Problem description.
Write out every entry below exactly as it appears. Pictures do not belong in the copy.

Source data.
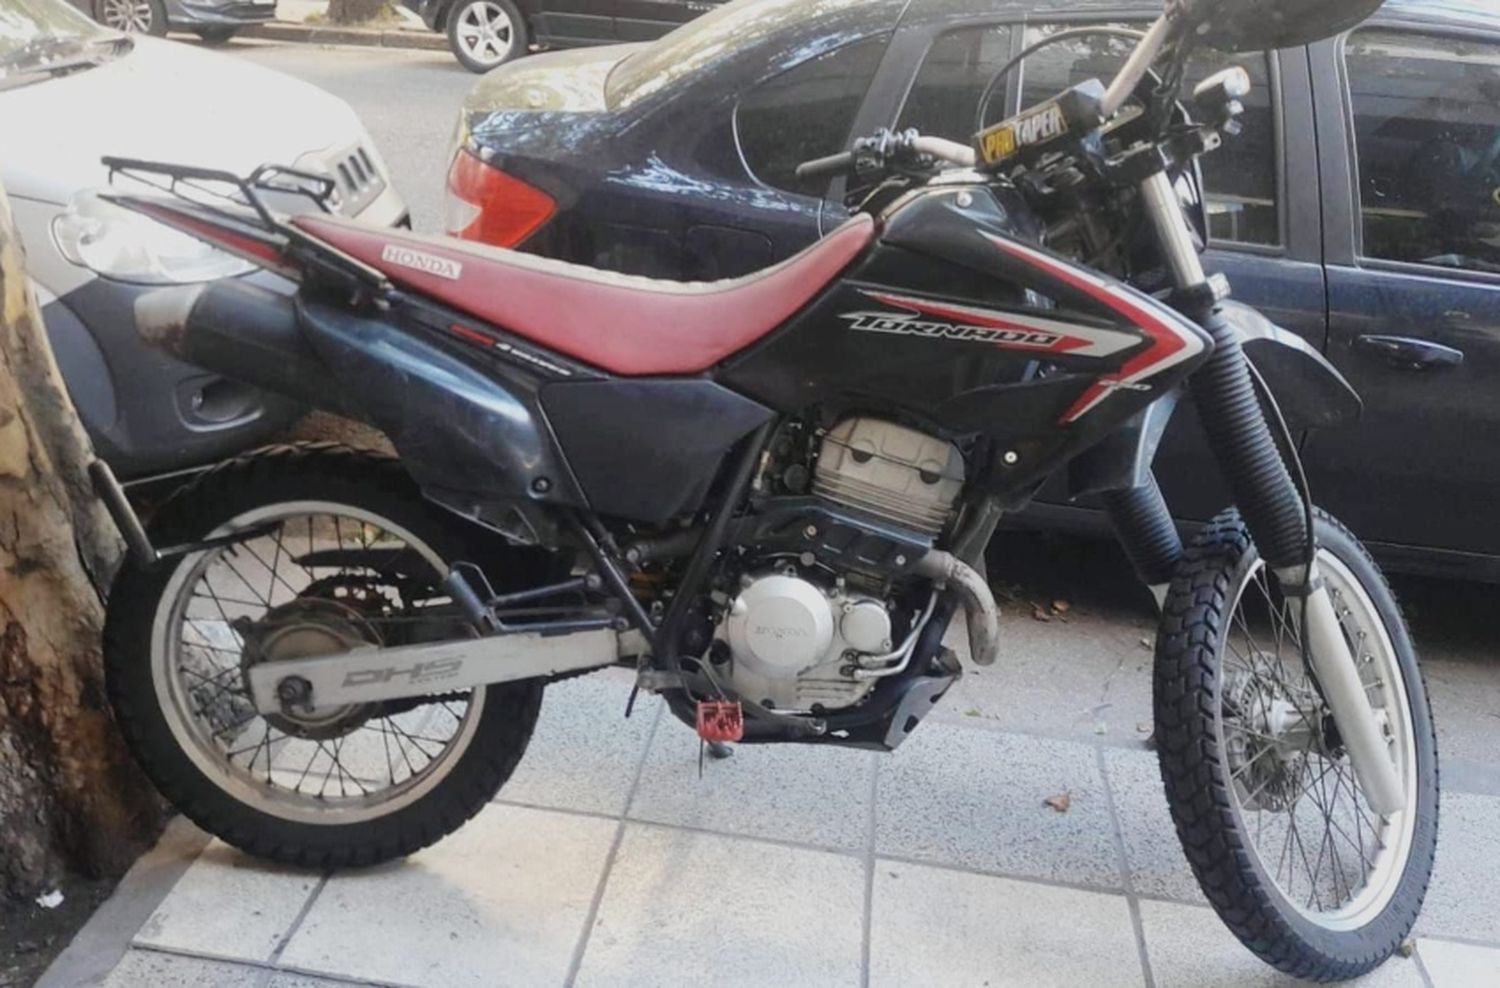 Un menor de edad trató de robar una moto en la zona de la Vieja Terminal
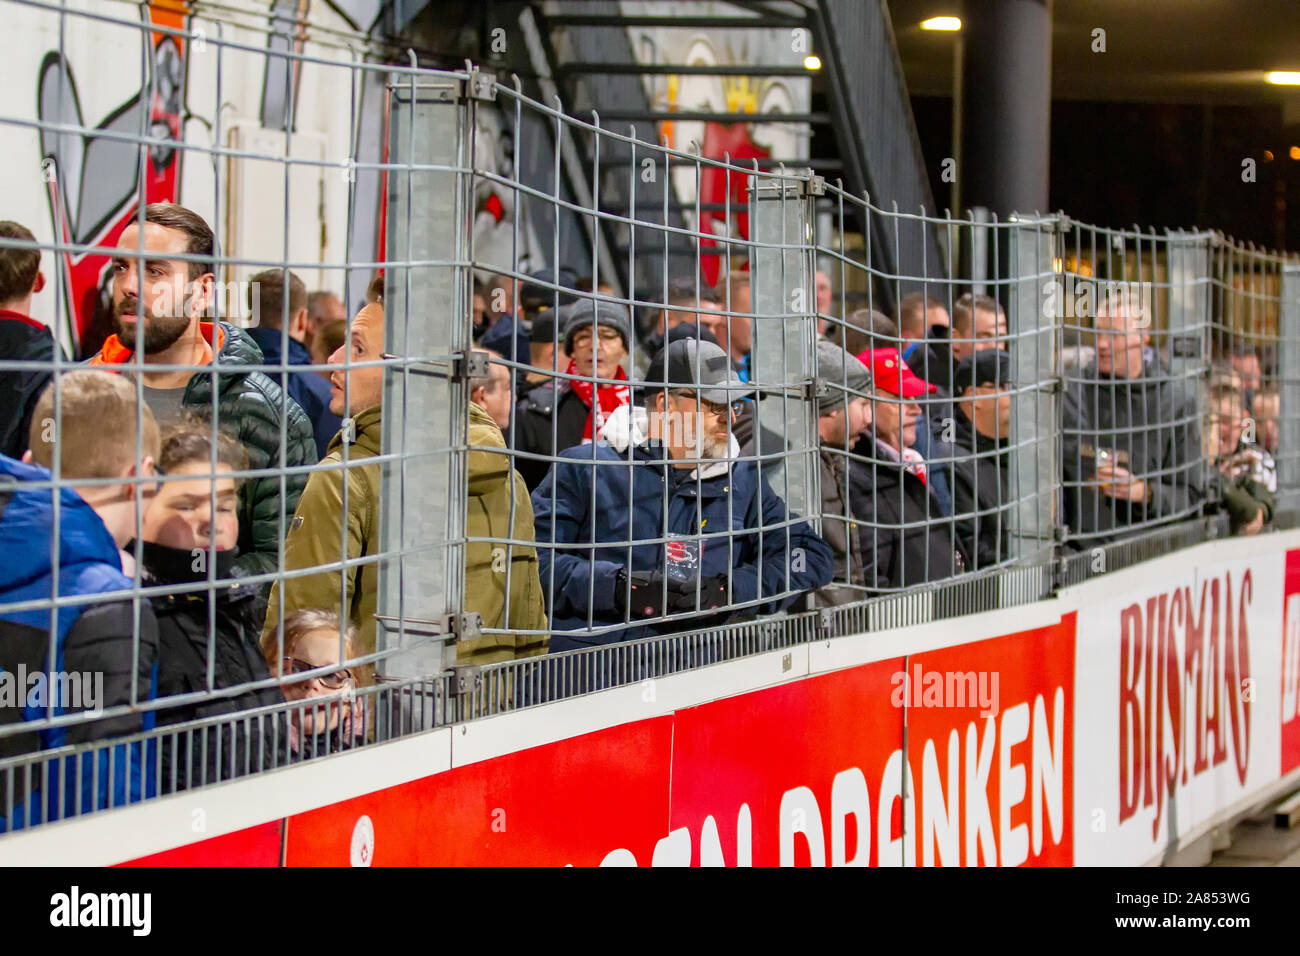 1 novembre 2019 Maastricht, Paesi Bassi Calcio Olandese Keuken Kampioen Divisie Almere City FC contro MVV Maastricht KKD 2019-2020 Toeschouwers blijven demonstratief in de grachten staan (daar waar dat verboden is) en weigeren de tribunes op te gaan. Foto Stock
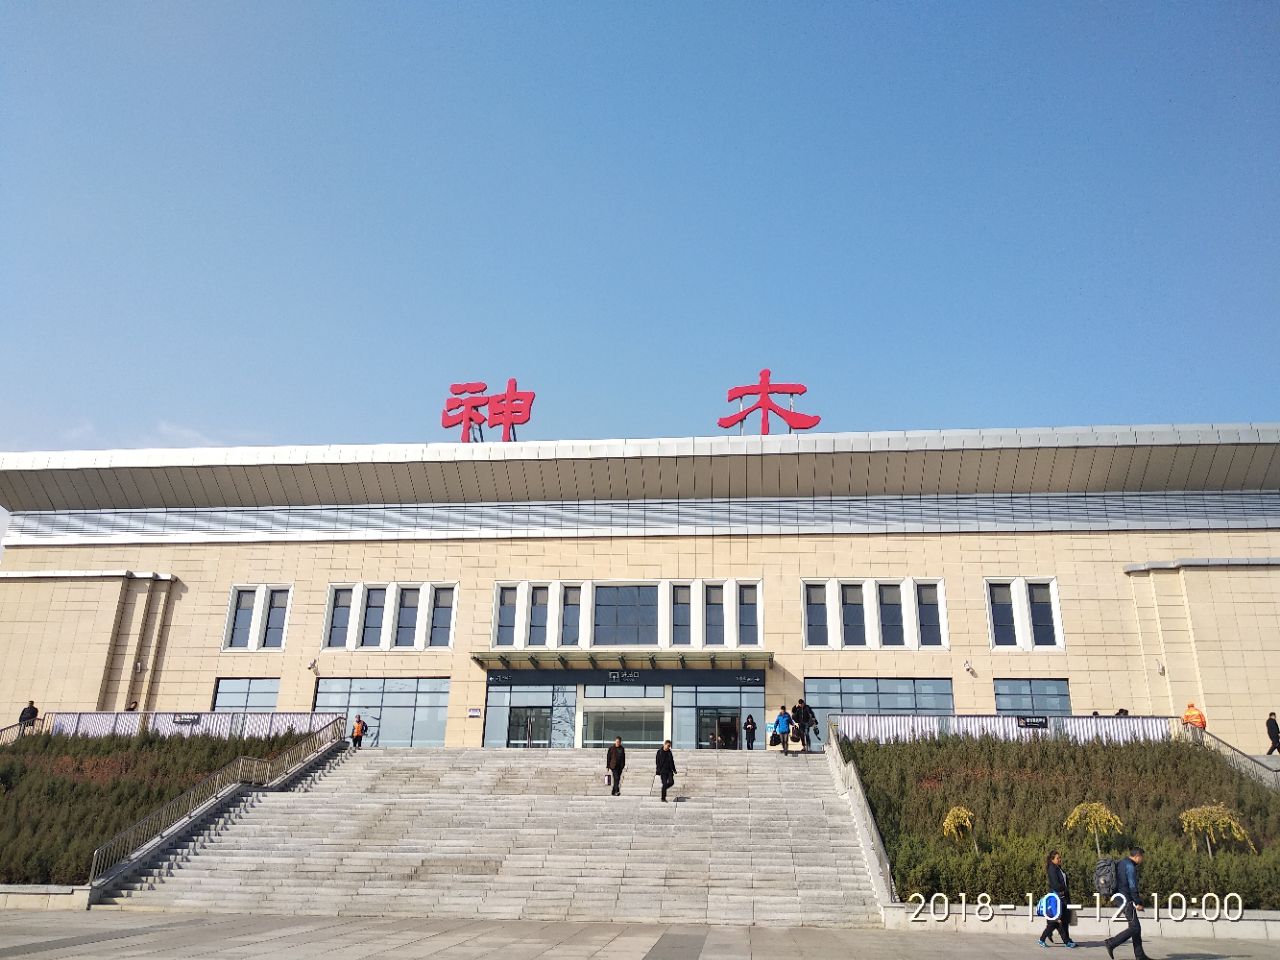 神木火车站,位于陕西省北部的神木市,属于神延铁路(神大铁路,神木北站
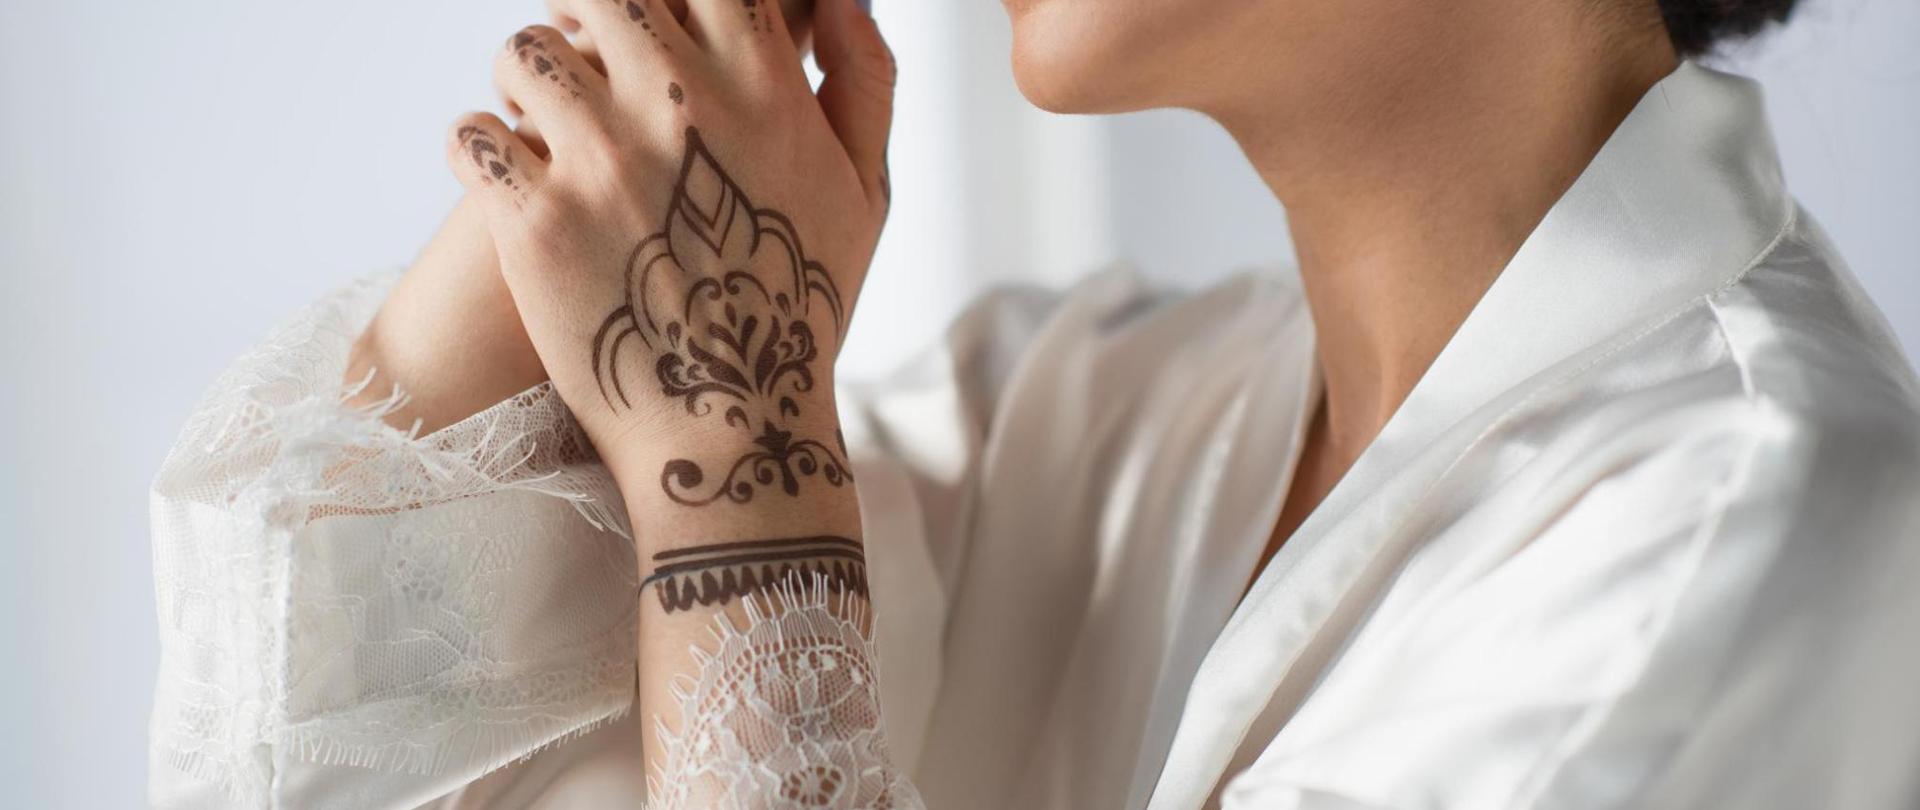 Na zdjęciu jest kobieta. W centrum uwagi jest jej dłoń z widocznym tatuażem z henny.
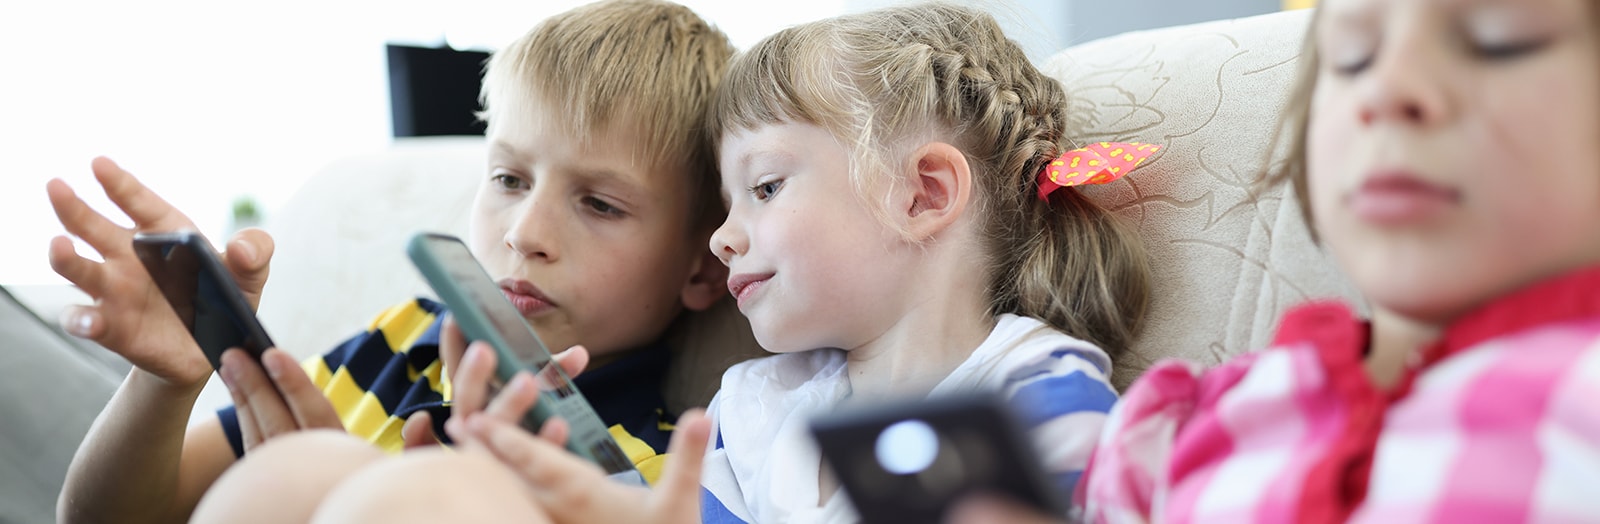 Online tryghed: En guide til opsætning af dine børns devices, sociale medier og spillekonti, så du trygt kan sende dem ud i den online verden.

Result.
 Un menor de edad trató de robar una moto en la zona de la Vieja Terminal
 1 novembre 2019 Maastricht, Paesi Bassi Calcio Olandese Keuken Kampioen Divisie Almere City FC contro MVV Maastricht KKD 2019-2020 Toeschouwers blijven demonstratief in de grachten staan (daar waar dat verboden is) en weigeren de tribunes op te gaan. Foto Stock
 神木火车站,位于陕西省北部的神木市,属于神延铁路(神大铁路,神木北站
 Na zdjęciu jest kobieta. W centrum uwagi jest jej dłoń z widocznym tatuażem z henny.
 Online tryghed: En guide til opsætning af dine børns devices, sociale medier og spillekonti, så du trygt kan sende dem ud i den online verden.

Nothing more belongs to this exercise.